──────── PROVIDED MATERIAL

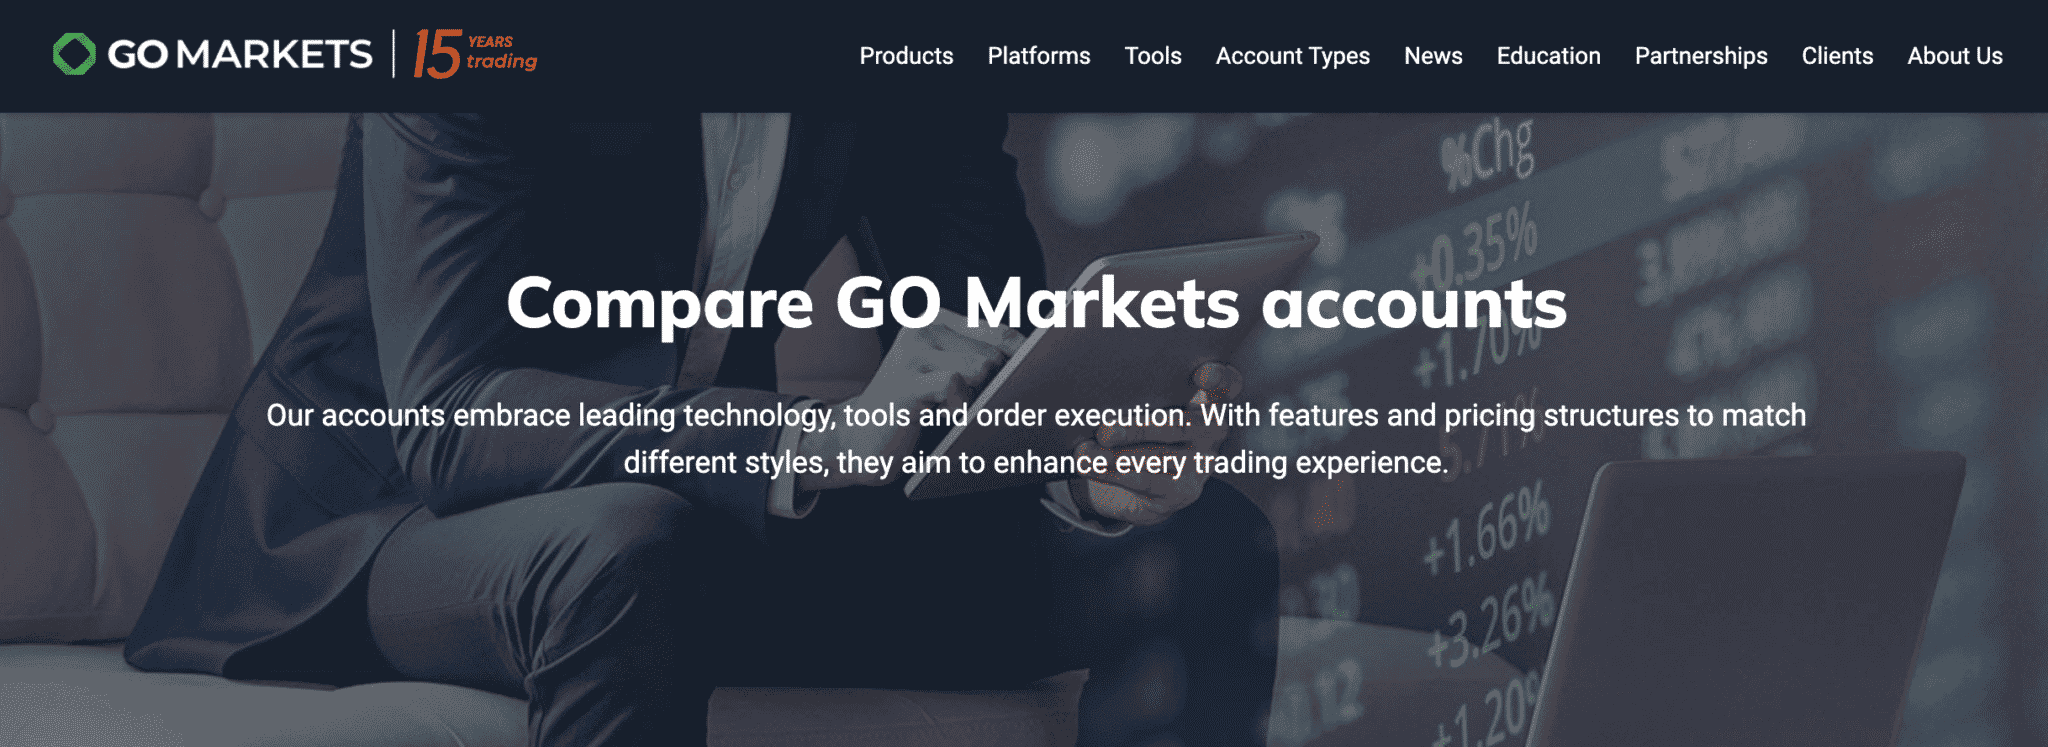 GO Markets Account Types and Features Namibia
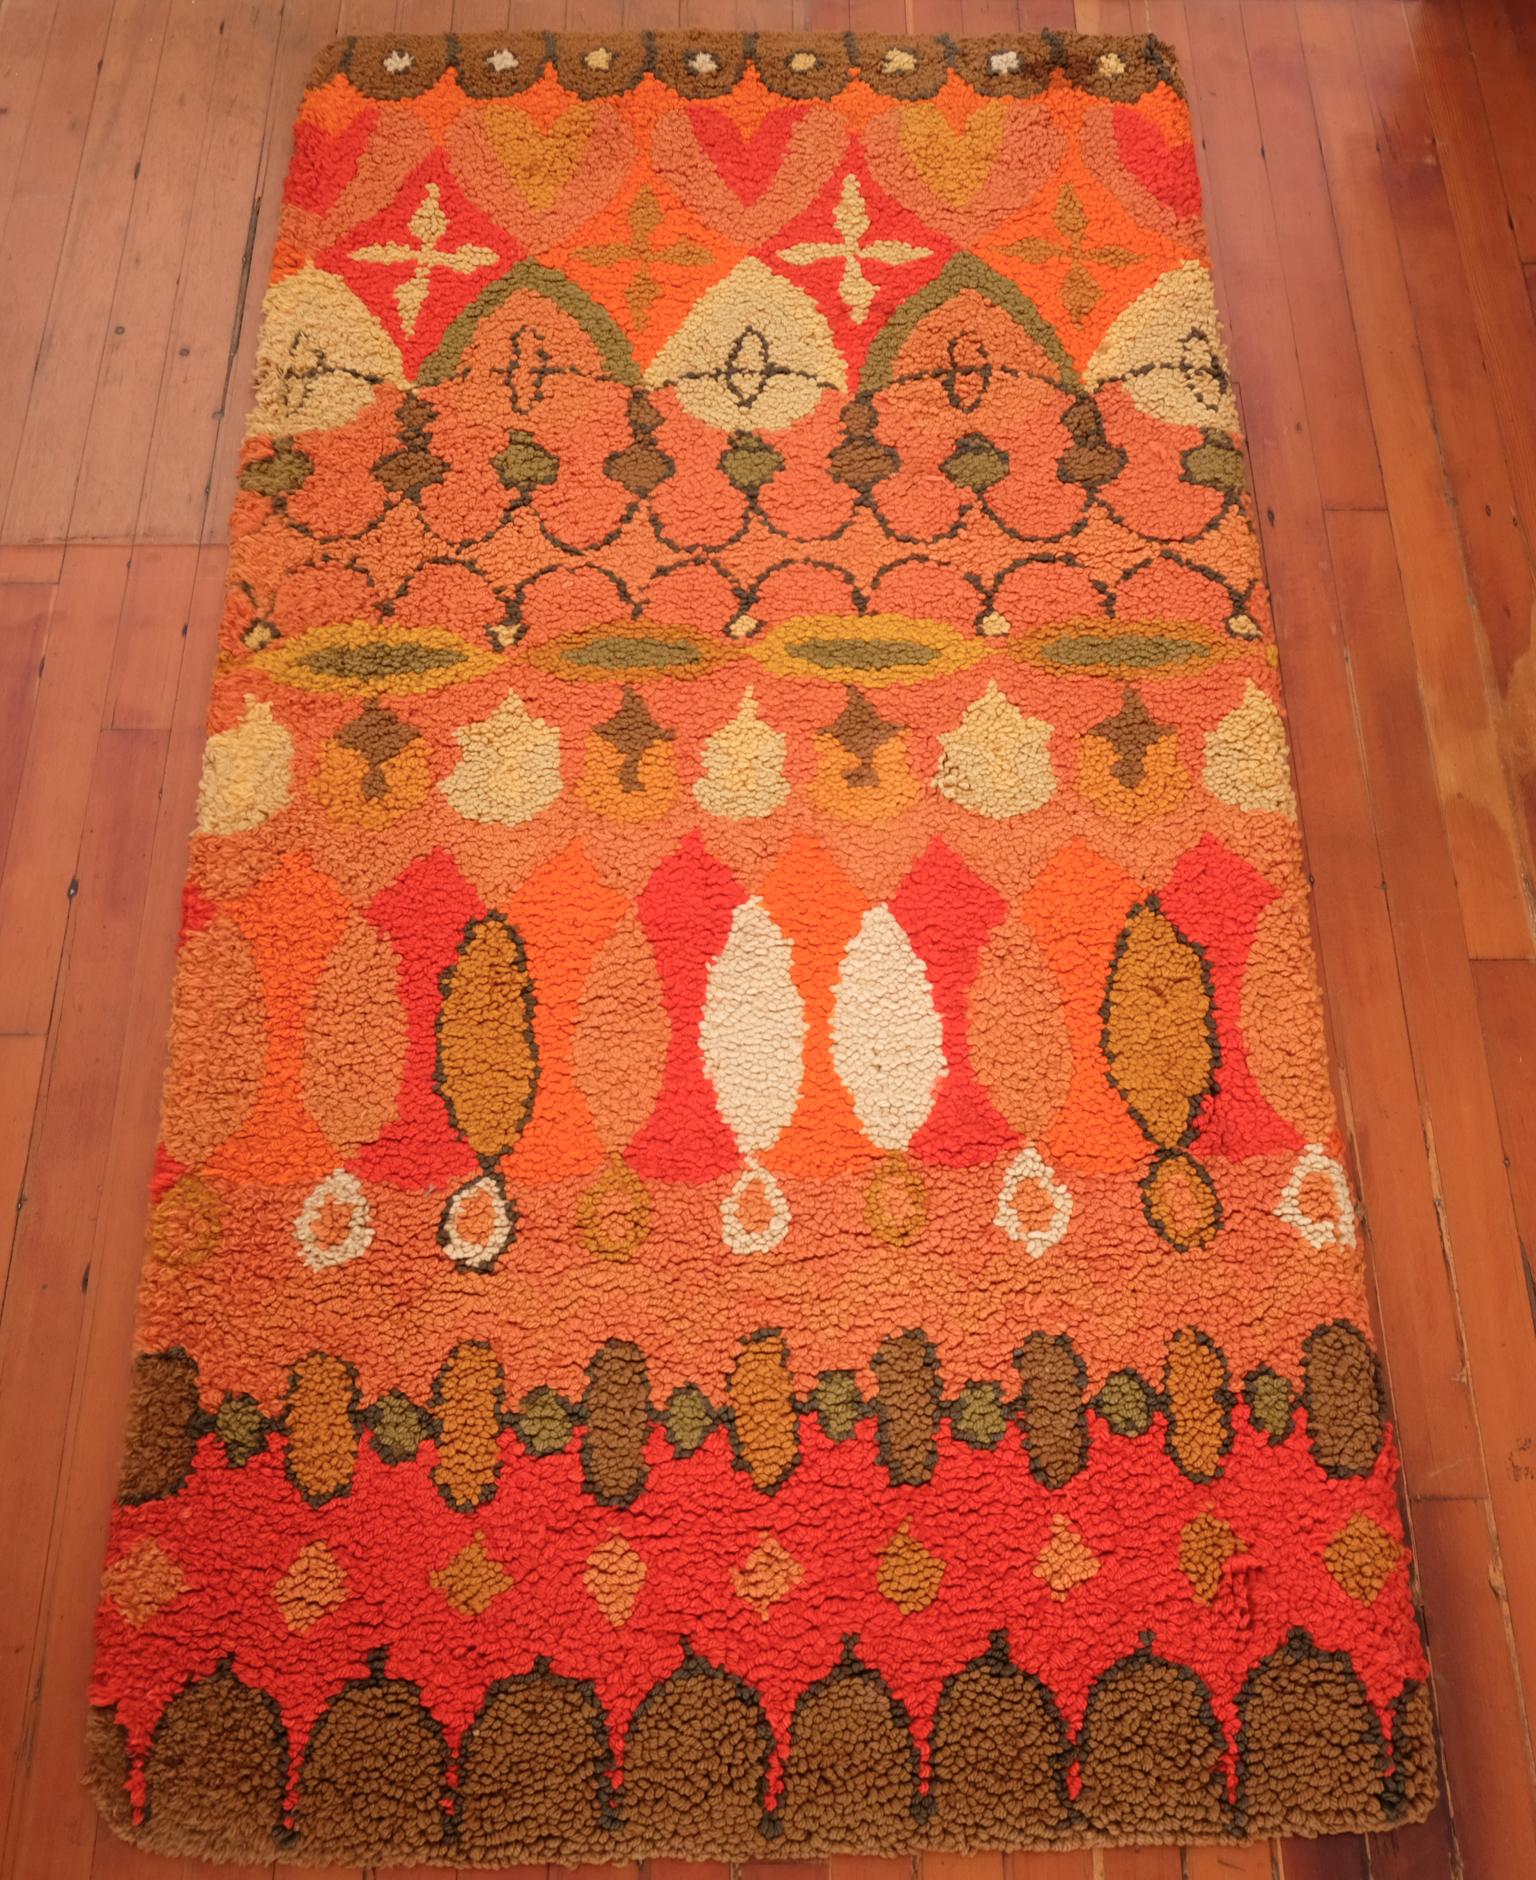 A hand-hooked rug by Cynthia Sargent (1922-2006). Handmade in Mexico City during the 1960s. Wool, with natural dyes. Retains the original label from the Riggs-Sargent studio. 

Cynthia Sargent went to Black Mountain College for music, but ended up

────────────────

_TASK_:
A faithful copy of all the lines above is needed, with the pictures omitted.

_TASK RESULT_:
 GO Markets Account Types and Features Namibia
 A hand-hooked rug by Cynthia Sargent (1922-2006). Handmade in Mexico City during the 1960s. Wool, with natural dyes. Retains the original label from the Riggs-Sargent studio. 

Cynthia Sargent went to Black Mountain College for music, but ended up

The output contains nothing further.